Итак, можно сказать, что в основании славянофильства лежал опыт русской литературы и творческого усвоения философии Шеллинга (Киреевские) и Гегеля (К.С. Аксаков, Ю.Ф. Самарин), переосмысленный на основе опыта христианской духовной жизни в Православии. В основании западничества – опыт литературной и политической оппозиционности, осмысляемый в рамках более или менее радикально истолкованного гегельянства.

Как представителей честной интеллигенции их объединяла с представителями предыдущих поколений общая творческая позиция – стремление к суверенитету русской мысли и русской литературы, принцип самоценности художественного и интеллектуального творчества. Различие состояло в том, что славянофилы стремились религиозно обосновать эту позицию, а западники – создать социальные и политические условия для ее реализации в общественной практике. Отстаивая ее, они отделяли себя от групп «официальной народности», придерживавшихся в Петербурге (Ф.В. Булгарин) скорее «западнических», а в Москве (М.П. Погодин и С.П. Шевырев) скорее «славянофильских» ориентаций, и более или менее убежденно выполнявших правительственный идеологический заказ[60]60
  Хотя невозможно, конечно, ставить знак равенства между «Москвитянином» и «Северной пчелой» именно по причине искренности первого. О сложностях, связанных с идентификацией подлинной позиции М.П. Погодина и С.П. Шевырева писал В.А. Кошелев в статье «Славянофильство и официальная народность» [167, с. 122–135].


[Закрыть]
.

Само это разделение способствовало внесению раскола в ряды интеллигенции. Так, провокацией была, например, печальная история с передачей Погодиным Киреевскому своего журнала «Москвитянин» – славянофилы на время оживили умиравший журнал, но зато дали повод Герцену и Белинскому для объединения их в одну позицию с прежней редакцией [104, с. 15–29]. Аналогичным образом К. Аксаков объединял порой «Отечественные Записки», где активно сотрудничал В.Г. Белинский, с «Северной пчелой» Булгарина [12, с. 116]. О полемической заостренности этих сближений говорит то, что даже Герцен (правда, уже в «Былом и думах») отмечал существенную разницу между Булгариным и Погодиным именно в отношении искренности их убеждений [51(5), 165].
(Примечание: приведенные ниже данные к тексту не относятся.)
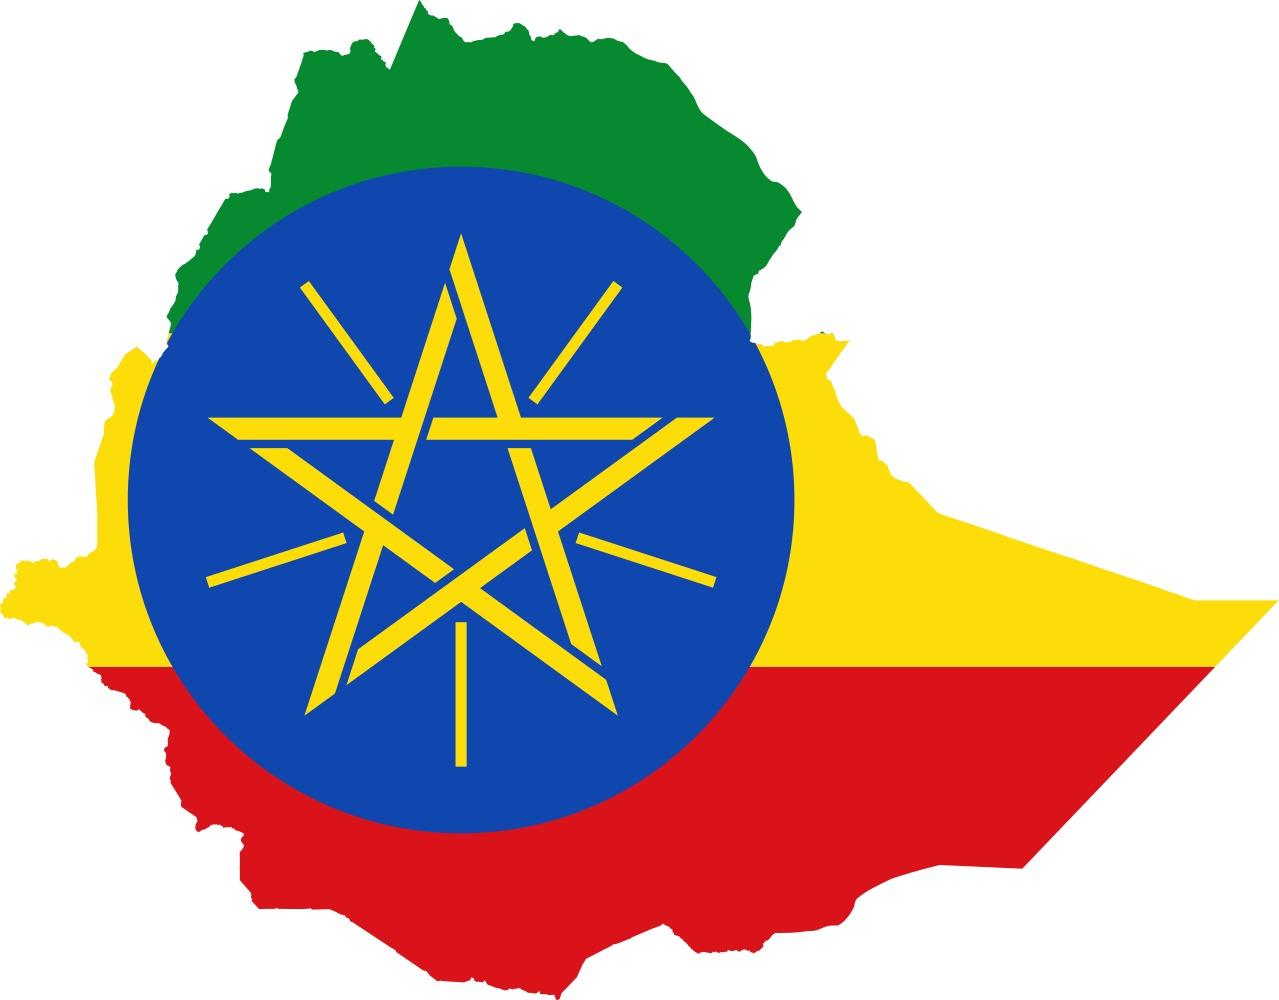 Bản đồ Ethiopia cờ: Điểm tới mới cho những người đam mê lịch sử. Với bản đồ Ethiopia cờ, bạn sẽ khám phá được nhiều điểm thú vị và tìm hiểu thêm nền văn hoá đa dạng của quốc gia này. Đồng thời, không thể bỏ qua sự độc đáo của hình ảnh cờ Ethiopia trên bản đồ này.

Все это вело к расшатыванию первоначальной общности творческих и этических позиций, к обесценению объединяющего «благородства убеждений», взаимным упрекам и подозрениям, и, в конце концов, к разрыву личных отношений [104, с. 40–41]. Несмотря на это, попытки объединения на общей платформе личной и творческой честности не прекращались, особенно со стороны славянофилов. Однако то, что эти попытки не увенчались успехом, определялось не только внешними, но и внутренними причинами, выявившимся со временем существенным расхождением не только теоретических, но и жизненных позиций.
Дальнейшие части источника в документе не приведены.